Dr. Oquendo: funding from NIMH; royalties for the commercial use of the Columbia-Suicide Severity Rating Scale. Her family owns stock in Bristol Myers Squibb.

Dr. McInnis: funding from NIMH; consulting fees from Janssen and Otsuka Pharmaceuticals.

Dr. McGrath has received research grant support from Naurex Pharmaceuticals (now Allergan), Sunovion, and the State of New York.

Dr. Pizzagalli: funding from NIMH and the Dana Foundation; consulting fees from Akili Interactive Labs, BlackThorn Therapeutics, Boehringer Ingelheim, Pfizer Inc. and Posit Science.

Dr. Trombello currently owns stock in Merck and Gilead Sciences and within the past 36 months previously owned stock in Johnson & Johnson.

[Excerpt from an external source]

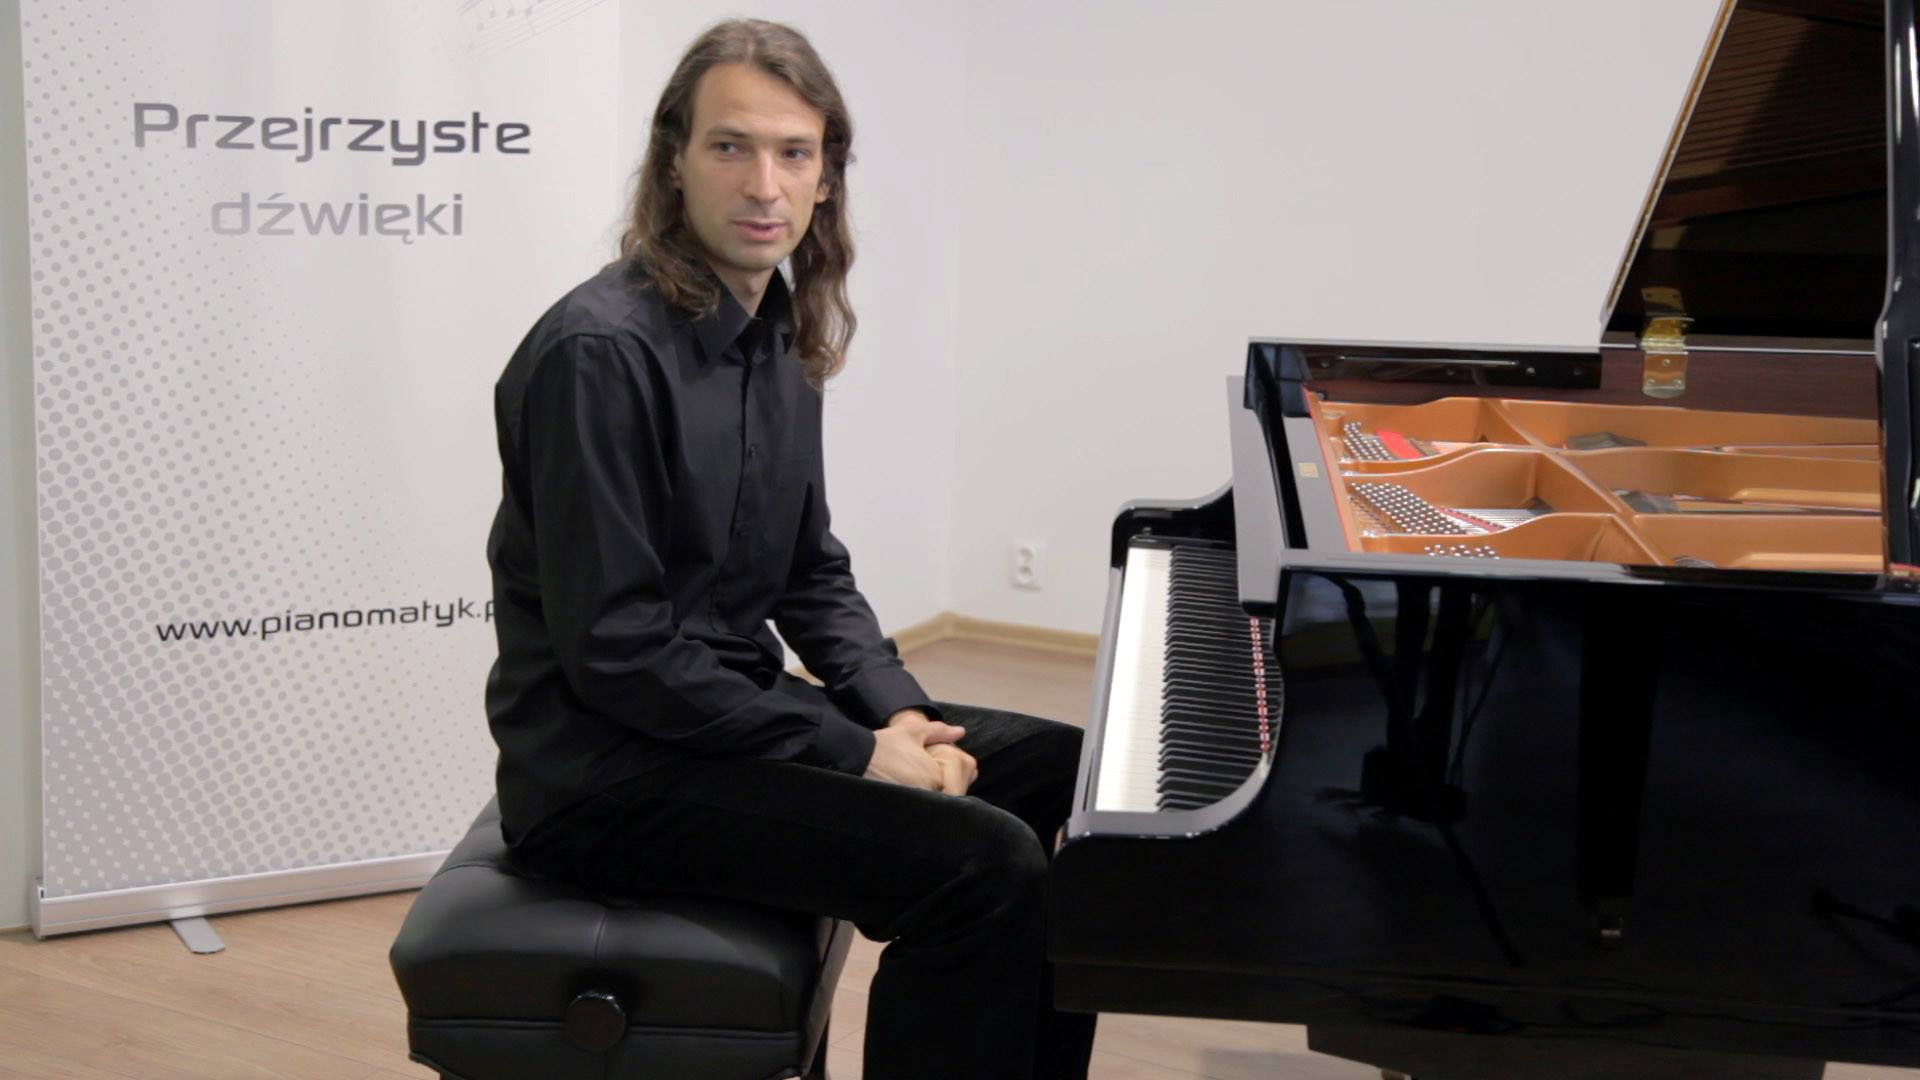 Pianomatyk – muzyka z pogranicza jazzu i muzyki filmowej

Drs. Adams, Cohen, Bruder, Cooper, Deldin, DeRubeis, Fournier, Huys, Jha, Kurian, McGrath, Parsey, Webb, Ms. Goer: report no financial conflicts.

Figures

Figure 1.

Frequency histogram displaying distribution of Personalized Advantage Index (PAI) scores, computed as the predicted difference in week 8 HRSD scores for SSRI minus placebo. Accordingly, a PAI score less than 0 signifies that SSRI was indicated, whereas a PAI score greater than 0 indicates that placebo was expected to yield a better outcome. The kernel density estimate illustrates the expected distribution of PAI scores in the population.

Figure 2.

Plots of baseline predictor by treatment group interactions from the final model.

Figure 3.

Comparison of mean week 8 HRSD for patients randomized to SSRI or placebo (left panel) (n=216). Comparison of mean week 8 HRSD scores for patients randomly assigned to their PAI-indicated treatment vs. those assigned to their PAI-contraindicated treatment for the full sample (n = 216) vs. including only patients for whom the algorithm predicted a clinically significant advantage in one treatment condition (PAI ≥ |3|); n = 105) (right panel). Error bars represent standard error.